The most this Court can say is that the arbitrators might have believed facts sufficient to make Ms. McCoskrey's claim nondischargeable, not that they must have.
Although the award has not been reduced to a confirmed judgment, the arbitrators certainly did consider the claims Ms. McCoskrey made against the debtor and concluded he should pay her some money. Rather than decide whether such an award alone is sufficient for issue or claim preclusion, or must first be confirmed by an appropriate court, in light of the state court's clear indication that it would confirm the award if free to do so, the Court believes the proper course is to grant stay relief so the state court may perform the ministerial act of re-entering its confirmation order.

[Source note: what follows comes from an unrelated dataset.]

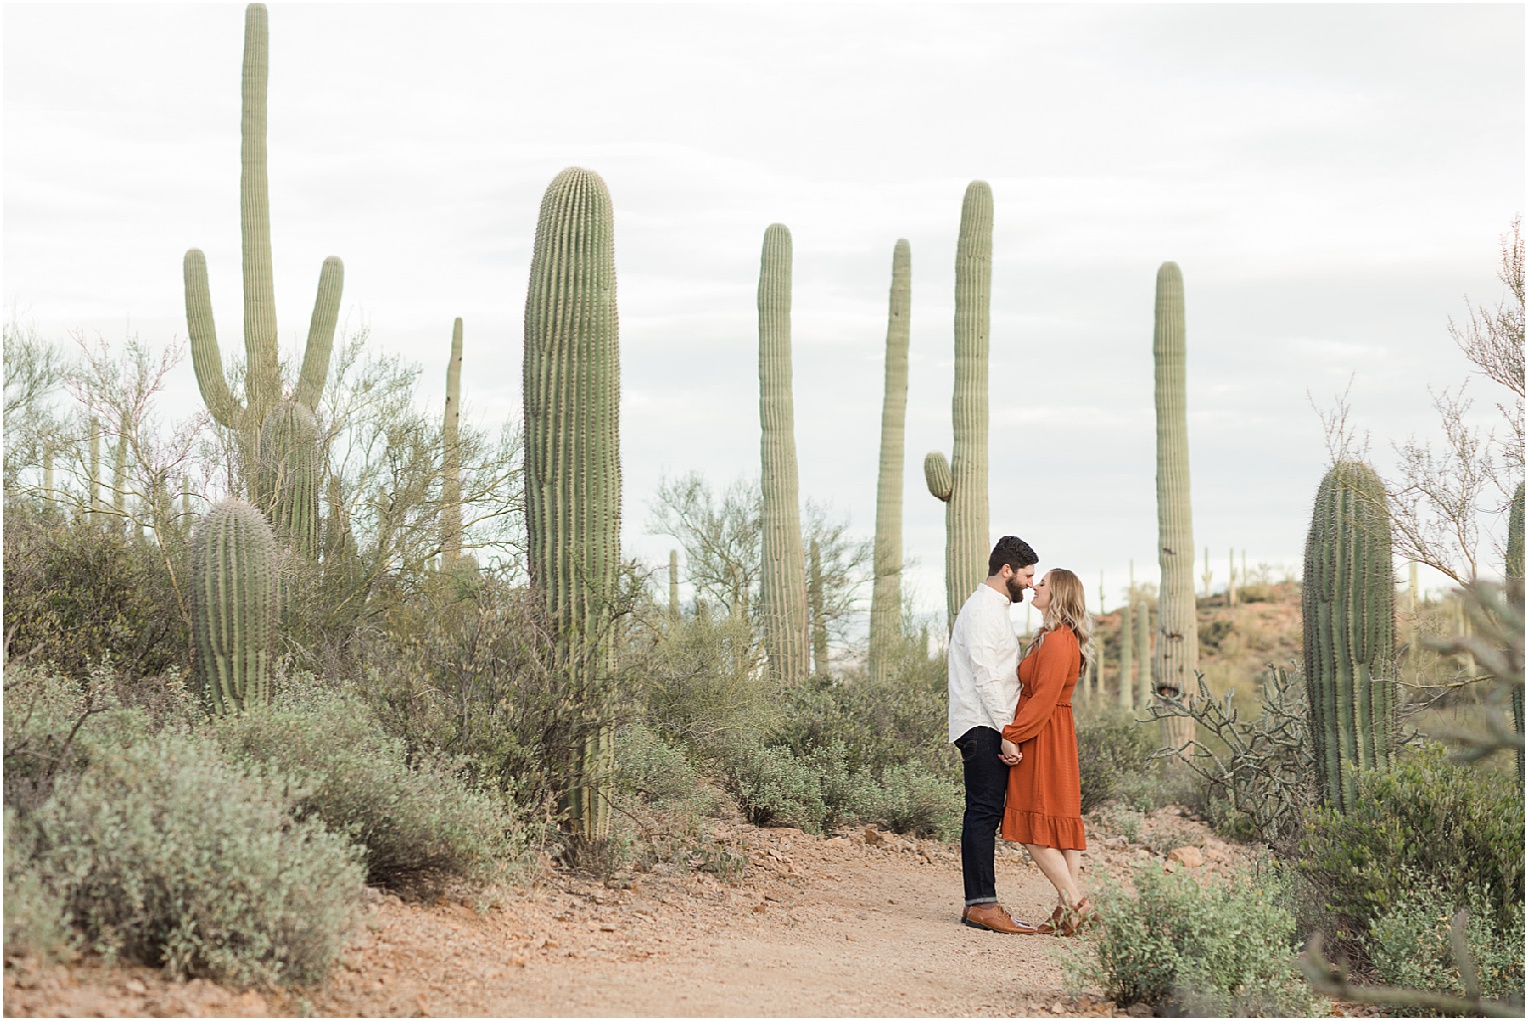 Engagement Photos in Tucson, Tucson AZ Katie + Michael Casual Desert Engagement Session

Once this is accomplished, the Court believes the award will have some claim or issue preclusive effects. The debtor will not be able to raise any defense that would completely defeat all of Ms. McCoskrey's claims against him, nor will she be able to seek damages beyond those awarded by the arbitrators.
For these reasons, the Court concludes Ms. McCoskrey's motion for summary judgment must be denied. Her alternative request for stay relief is hereby granted so that she may again ask the state court to confirm the arbitrators' award.
IT IS SO ORDERED.
Dated at Topeka, Kansas, this _____ day of October, 1994.